I mentioned to my mom recently that I was relieved my clients were going to miss the scheduled national train strike. My mom, a very seasoned traveler who has actually been to Italy several times under my care, was completely confused (what do you mean, the strike is scheduled?). Then she started in on the questions (how can the trains just not run?), and finally, she was speechless. I gave her the 101 on Italian strikes, and she suggested I share the info. Okay, mom.
Italian strikes: The basics
Strikes in Italy are common, and could definitely affect your trip.
Strikes are so common in fact, that one of the first words I learned after moving to Italy was sciopero, the word for strike. After I’d lived there a few months, I got used to them as the Italians do, and learned another useful Italian word: arrangiarsi, to figure it out. Yes, strikes are inconvenient and disruptive, but you can’t do anything about them. However, you can plan around them, because….
Most strikes in Italy are planned in advance and communicated to the public.
Announced a few weeks or months ahead of time, most strikes are conveniently published so that you can work around them. Check the list on the website of the Commissione di Garazia Sciopero (screen shot below) to see which group is striking, and when. Since the website is in Italian, I’ve provided the screen shot below to help you understand the information.
It’s also worth checking the Easy Travel Report, which has a less comprehensive but still useful list of Italian transportation strikes (scroll down to Italy) published in English.

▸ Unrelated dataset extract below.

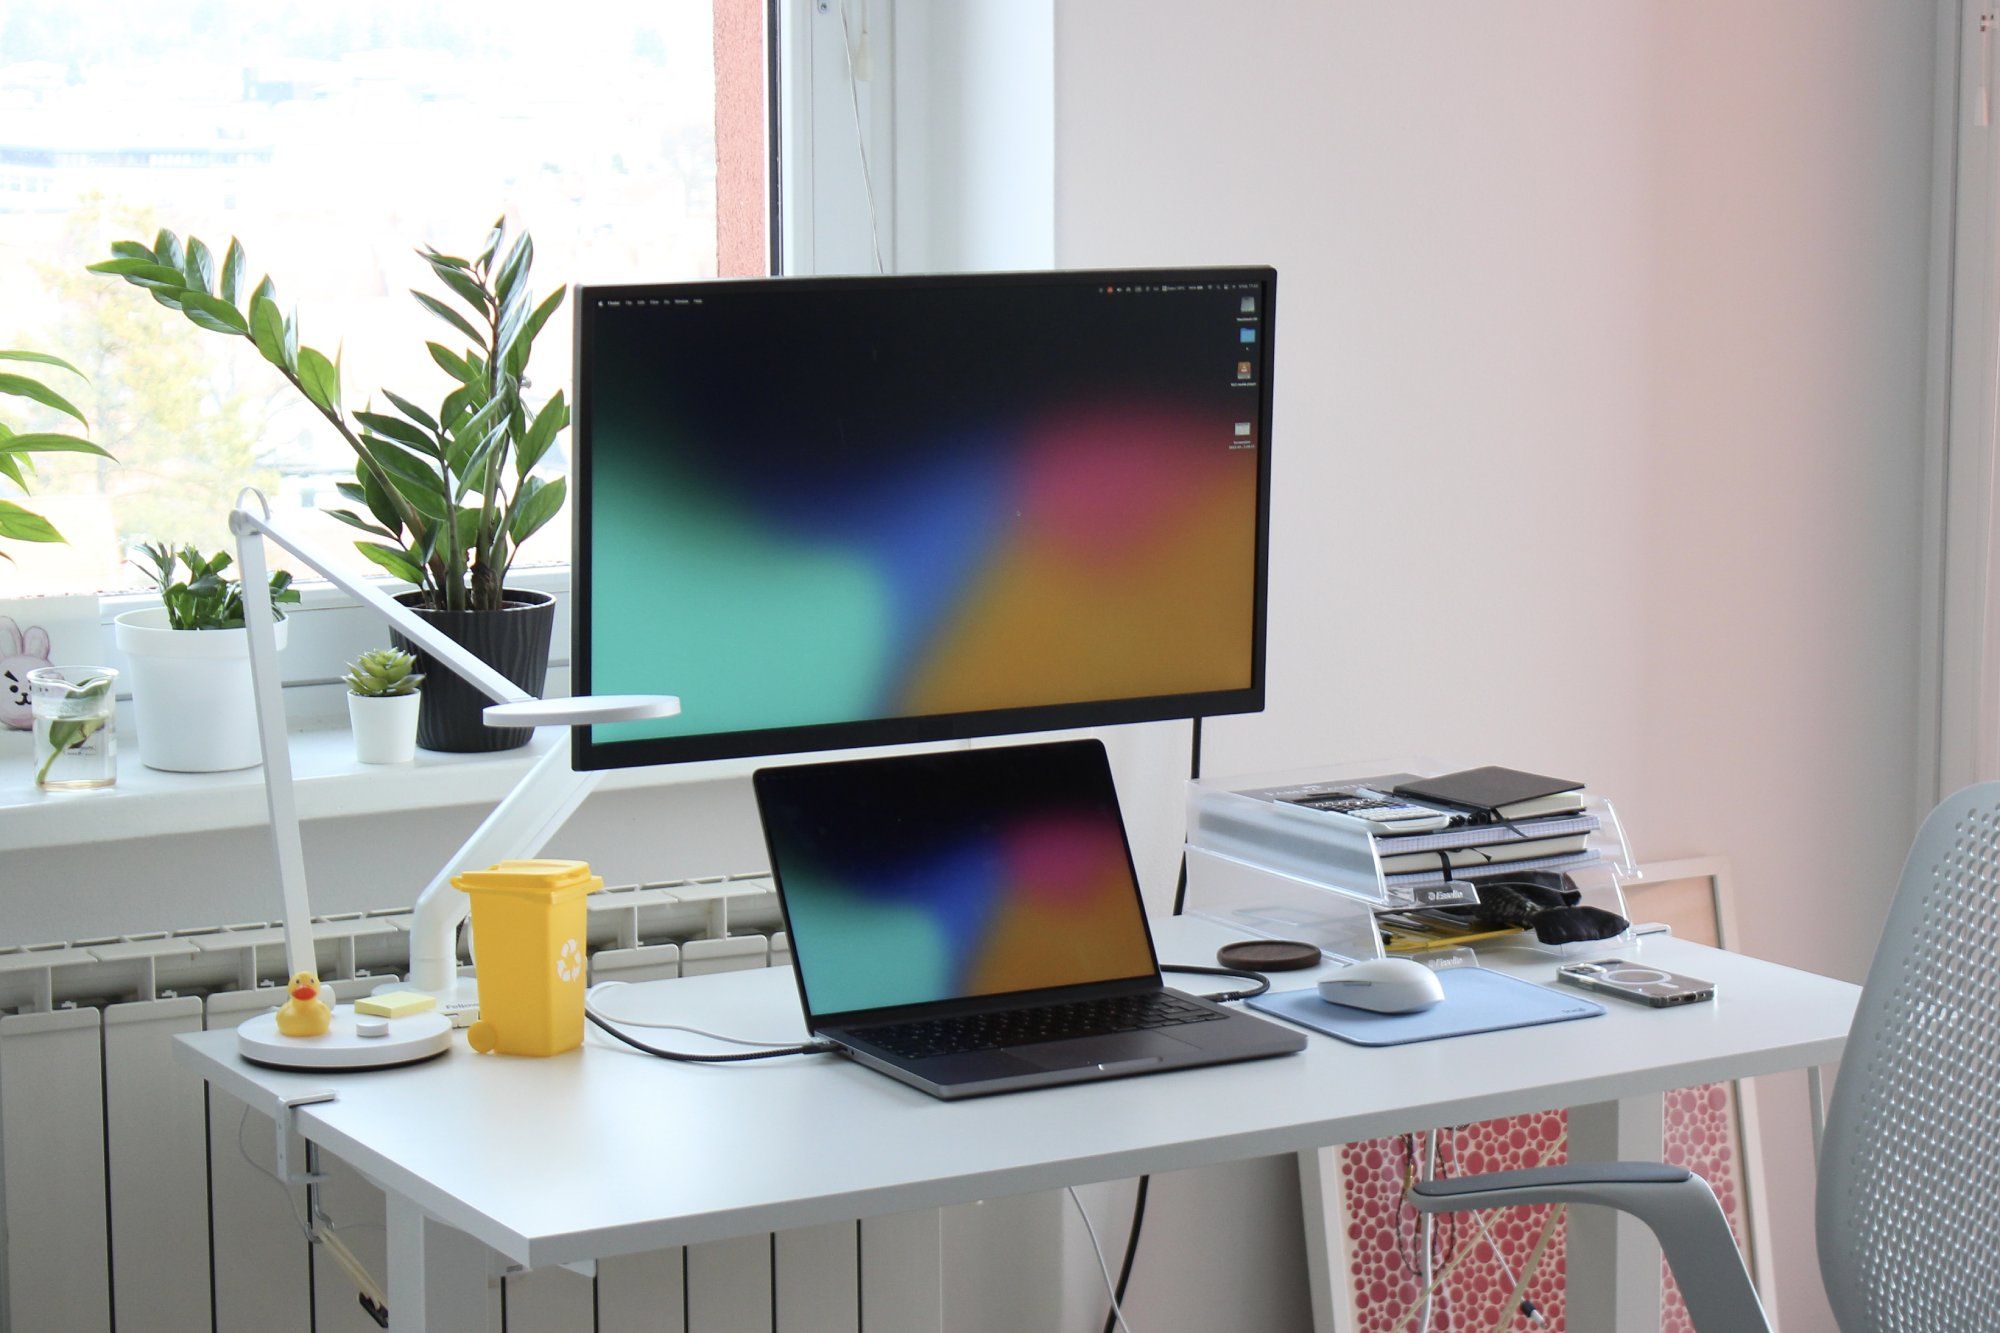 A well-organised sit-stand desk setup by the window with plants on the windowsill

However, you’ll need to check these lists again right before you leave because…
Strikes in Italy are frequently rescheduled from their originally published date
Double-check the strike schedule right before your trip to see whether the strikes are still planned. And before you panic when you see a strike scheduled for one of the dates you’re in Italy, remember….

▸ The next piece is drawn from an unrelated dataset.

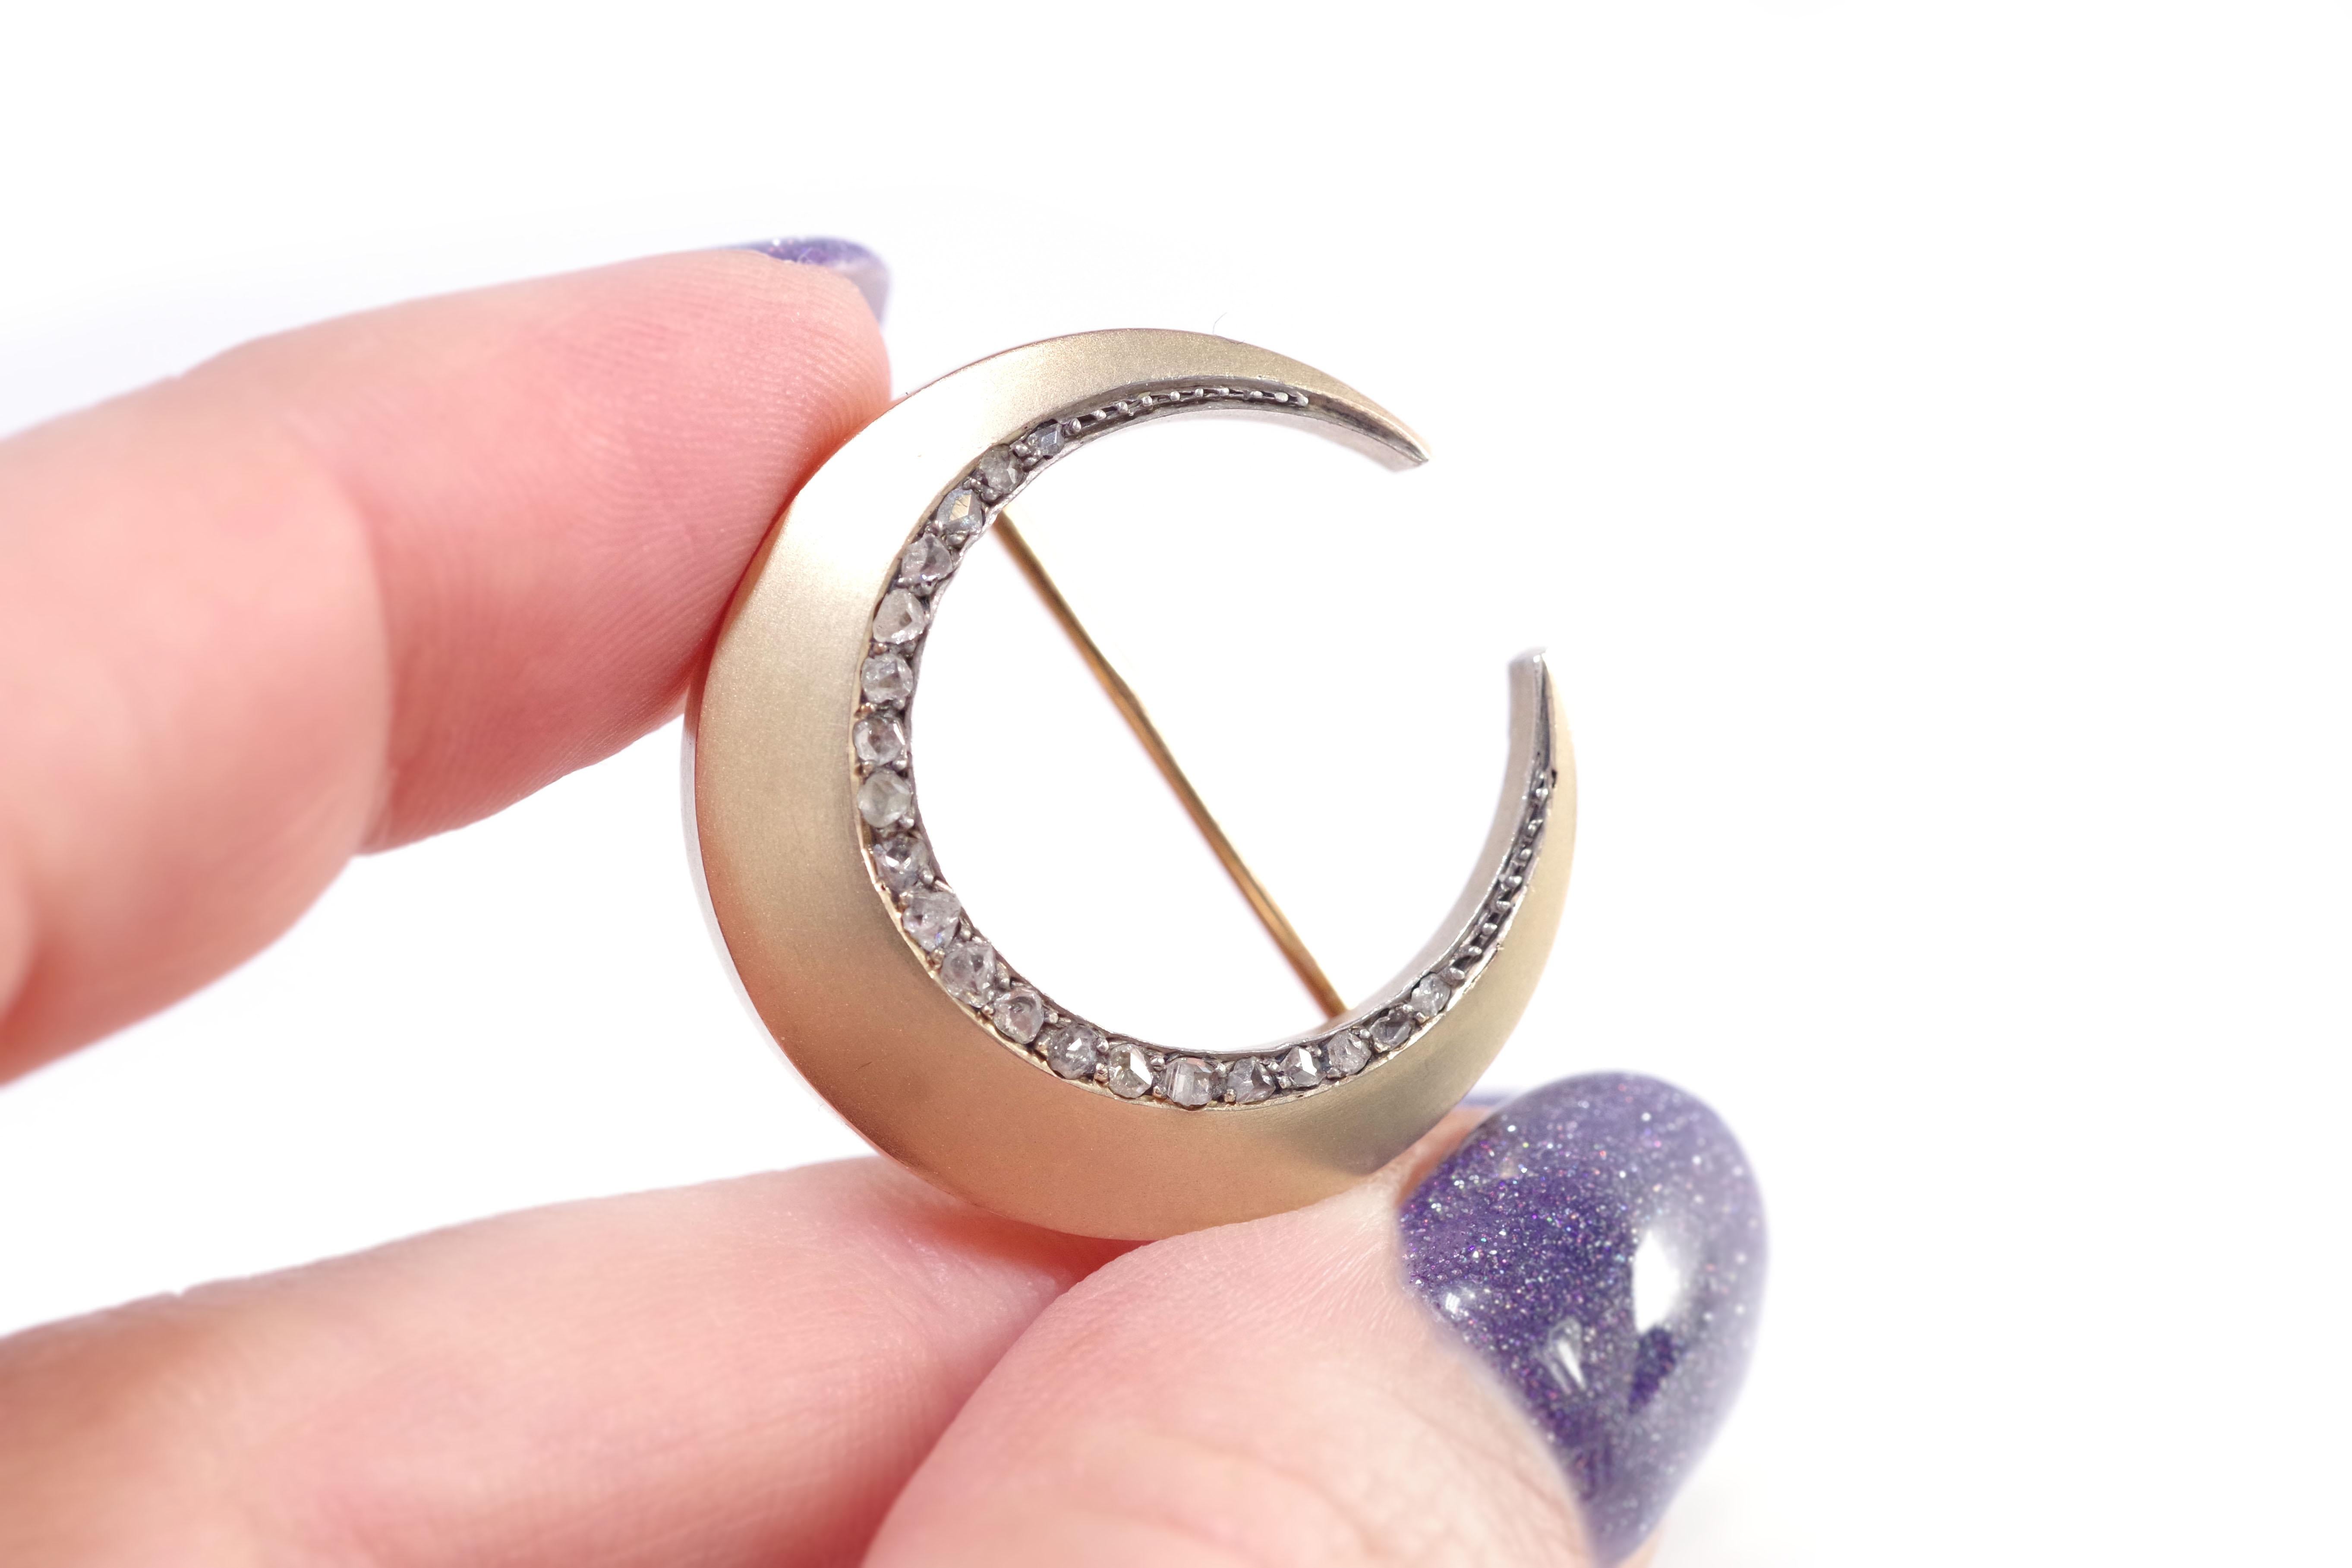 Art Deco Edwardian crescent moon brooch in 18k gold with diamonds, art deco brooch For Sale

Strikes in Italy are usually a specific group and location, so may not mess up your plans
So although the baggage handlers at Rome’s airport are going on strike, the rest of the airport will be working perfectly normally (pack carry-on). Or, the transportation strike may affect trains but not buses. Or, the post office is on strike and while it’s certainly inconvenient that you won’t be able to mail home your Italian ceramics, at least you know about it.
Strikes in Italy may last a few minutes a few days, or anywhere in between. If you’re lucky, you’ll know in advance.
Sitting on an airplane on the tarmac in Milan once, I asked the Italian sitting next to me what the delay was. “Sciopero” he responded. Air traffic control had gone on strike for about 10 minutes, and then they were back to work.
On the other end of the spectrum, my husband and I were flying to Sicily via Munich for a holiday and arrived in Munich to find Italian air traffic control was on strike. We decided not to hang around and wait, and instead visited a travel agency in the airport. We cancelled our Sicily hotels and spent a lovely week in Barcelona. The point is….
If there’s a strike, it’s up to you to figure out alternate plans
If you know about a national train strike ahead of time, you can plan to stay an extra day in the city, or leave a day earlier, or plan an alternate mode of transportation to get to your destination. But if you show up at the train station with all your luggage and then discover there’s a strike, don’t expect a help desk or hotline phone number to help you make other arrangements. Strikes are normal in Italy, and the Italians work around them. You’ll need to as well.
Do you have any other tips on dealing with strikes in Italy, or have you been caught in one and had to deal with it?